ASSIGNMENT — The whole listing that follows is to be restated word for word, images excluded.

COLLECTED DATA —

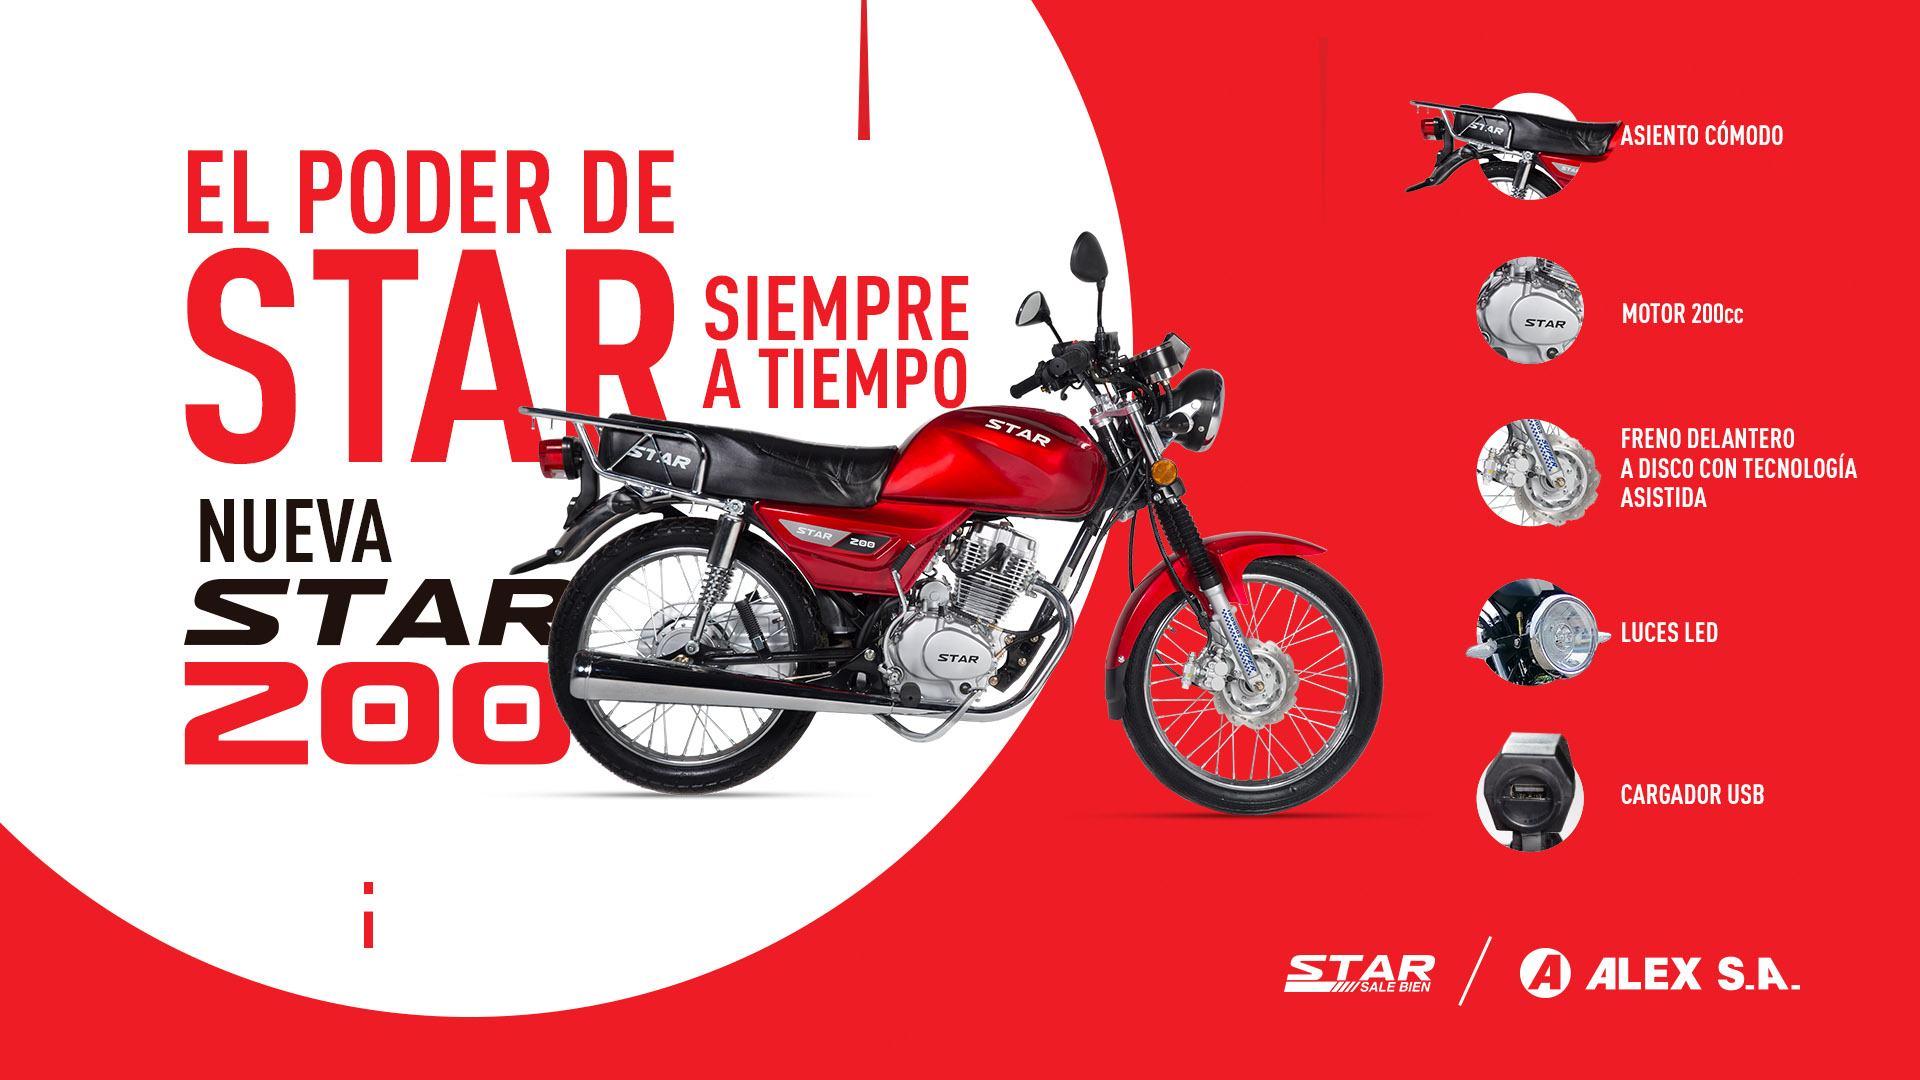 Nuevo modelo de moto STAR 200 de ALEX S.A.
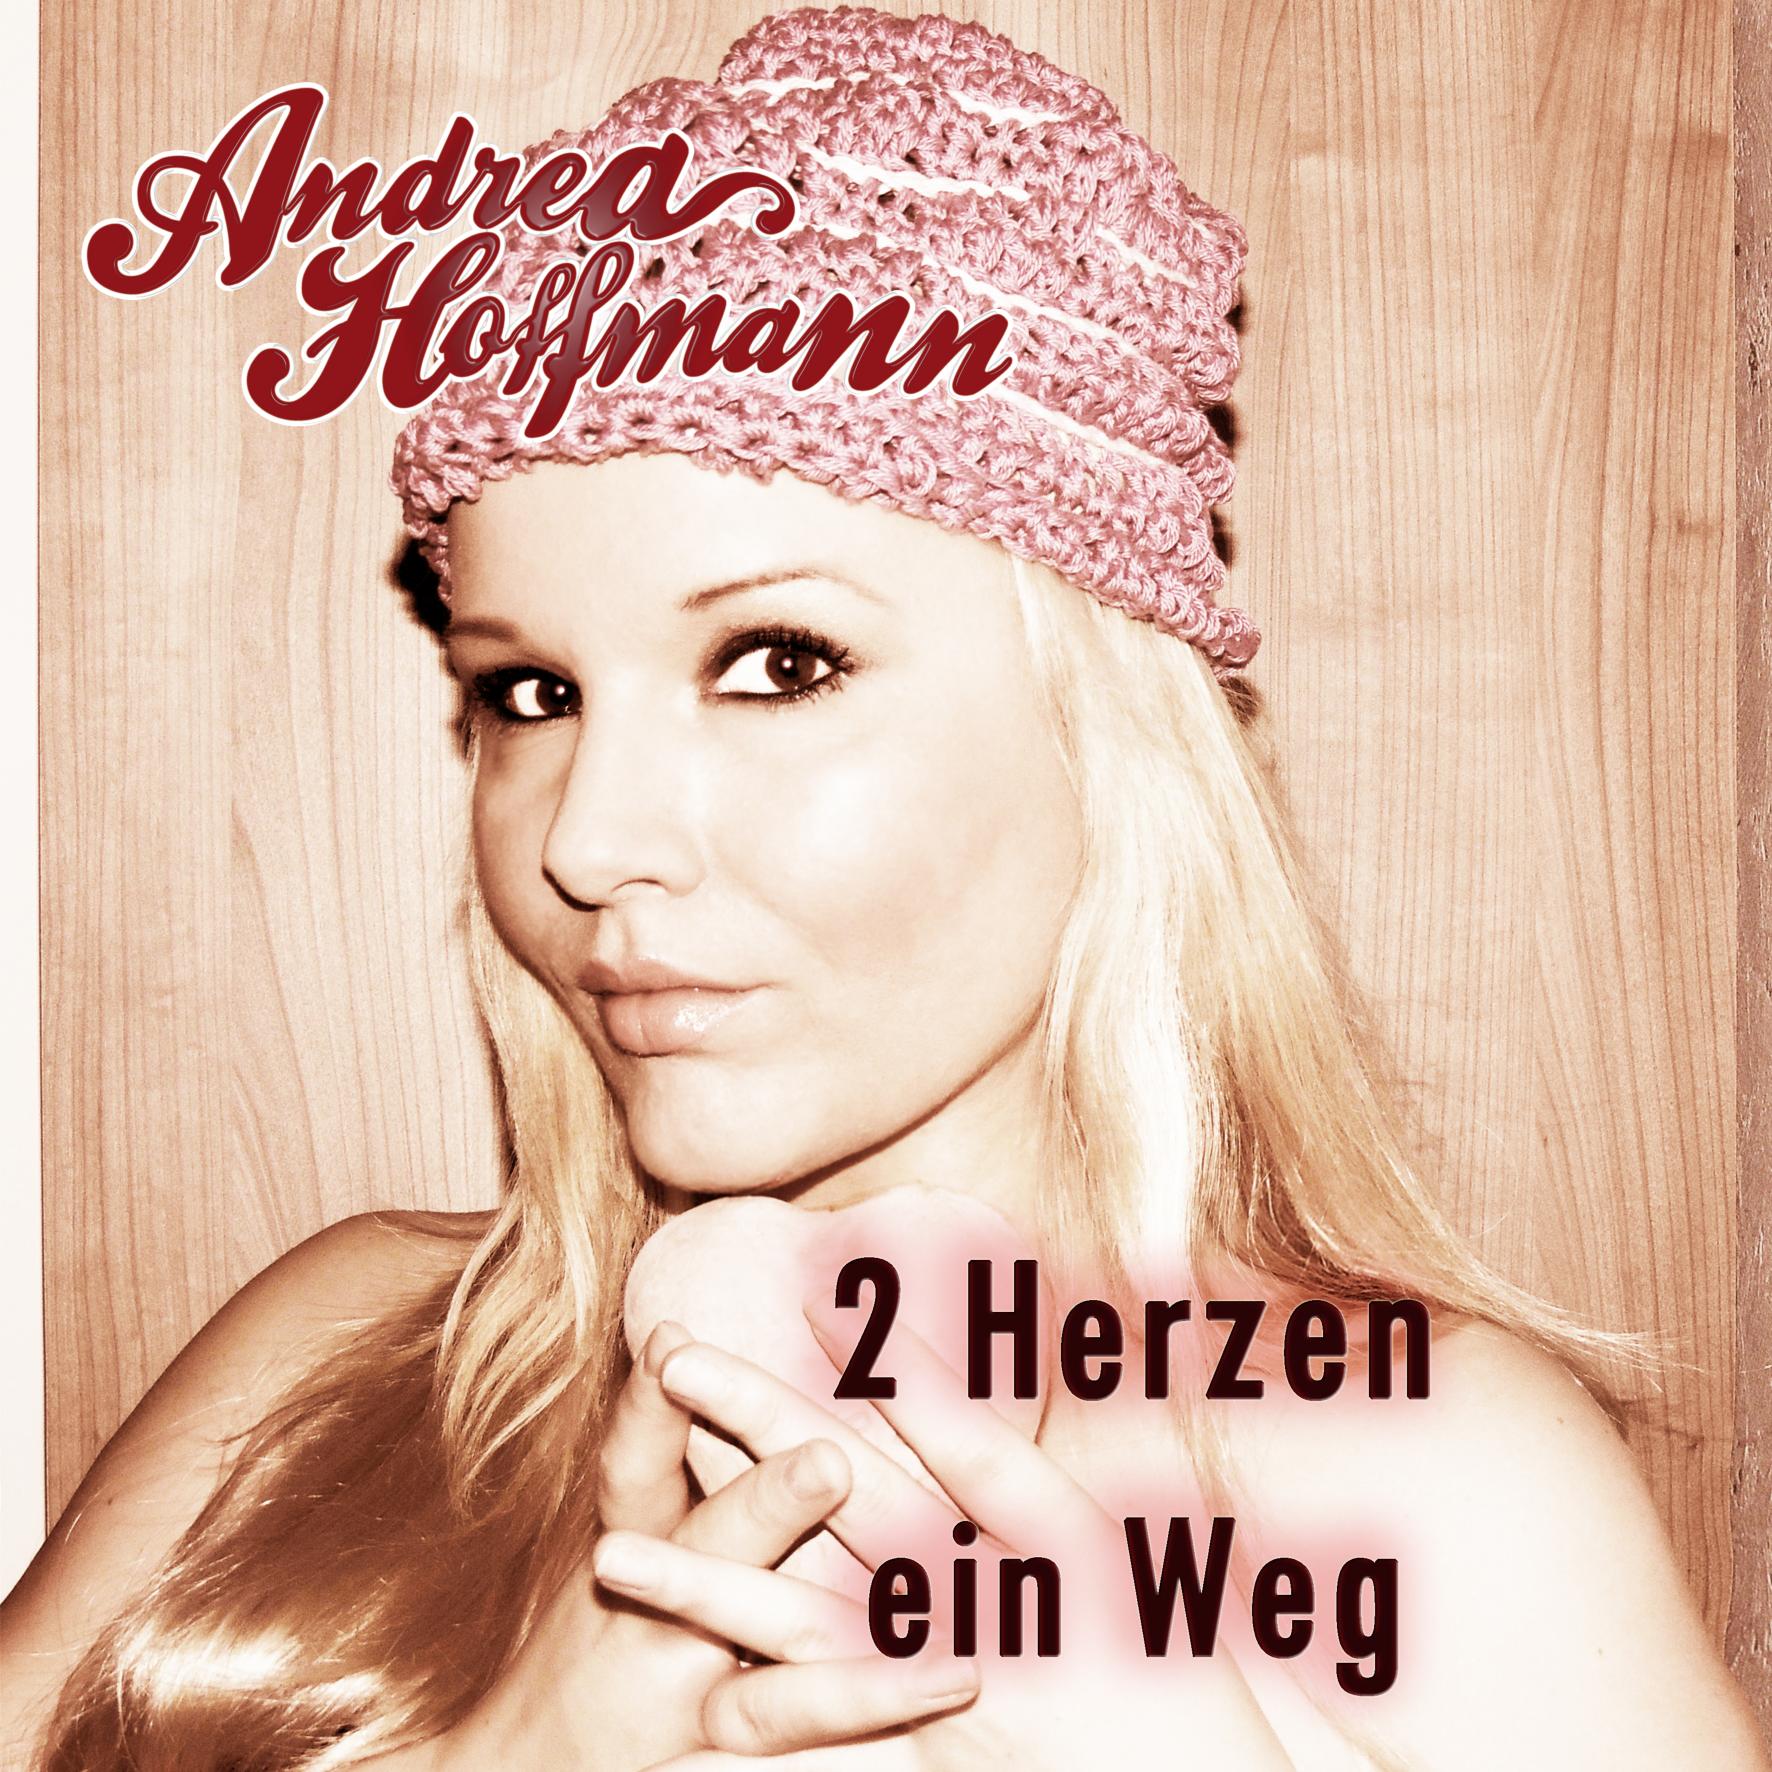 Download-Single "2 Herzen, ein Weg" Andrea Hoffmann
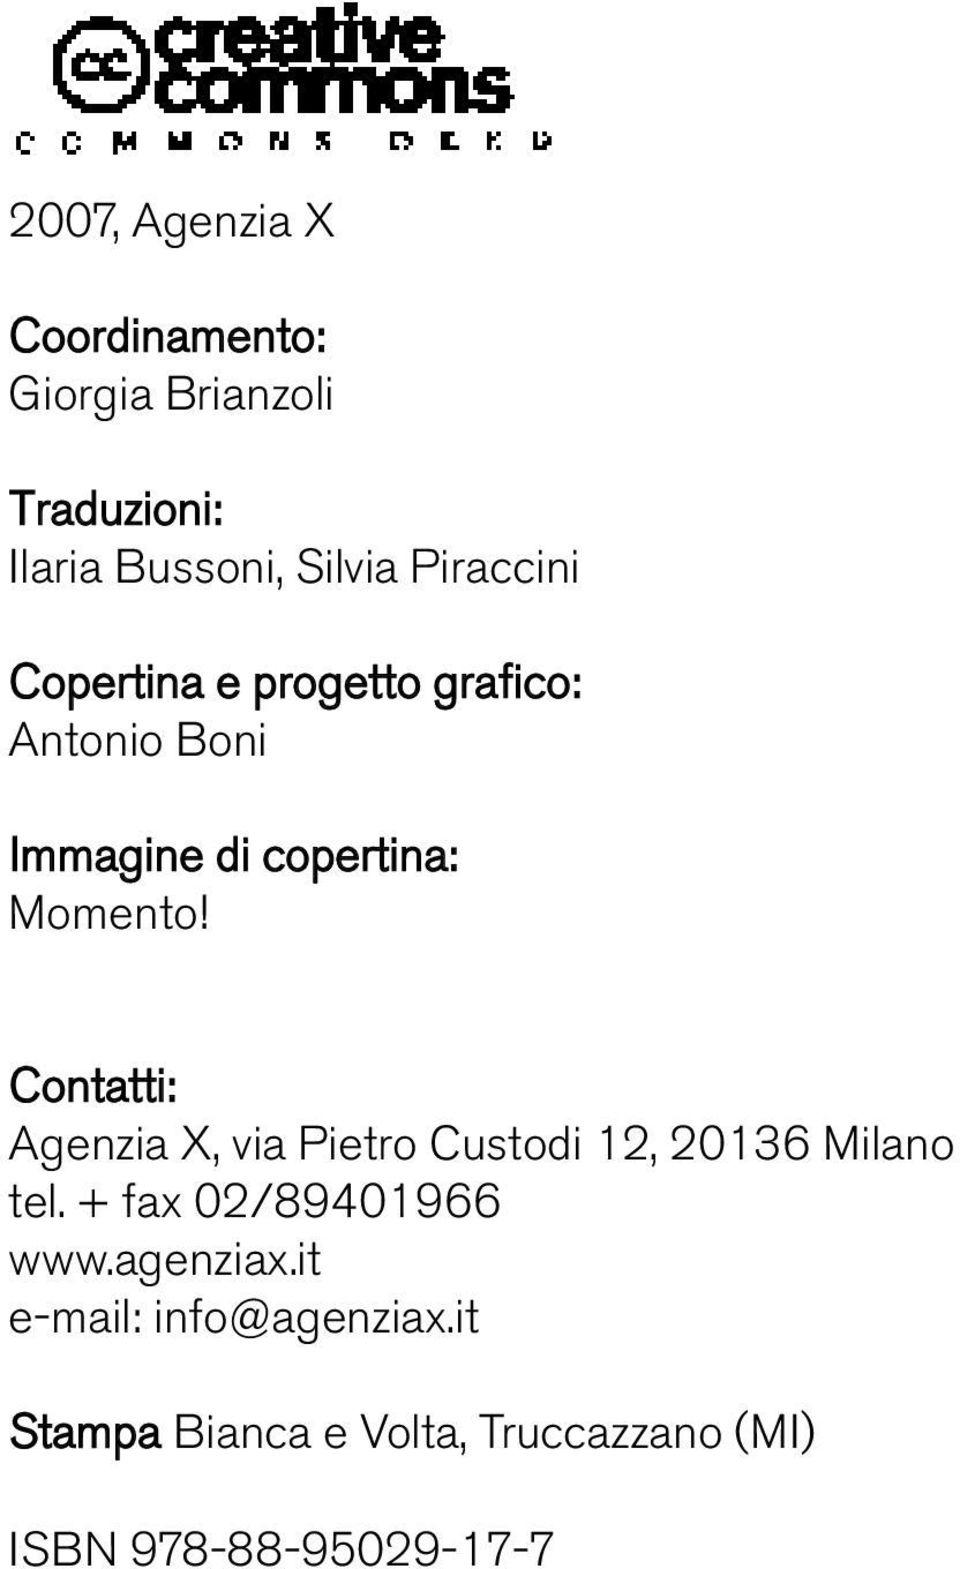 Contatti: Agenzia X, via Pietro Custodi 12, 20136 Milano tel. + fax 02/89401966 www.

WRITTEN RESPONSE —
 Nuevo modelo de moto STAR 200 de ALEX S.A.
 Download-Single "2 Herzen, ein Weg" Andrea Hoffmann
 Contatti: Agenzia X, via Pietro Custodi 12, 20136 Milano tel. + fax 02/89401966 www.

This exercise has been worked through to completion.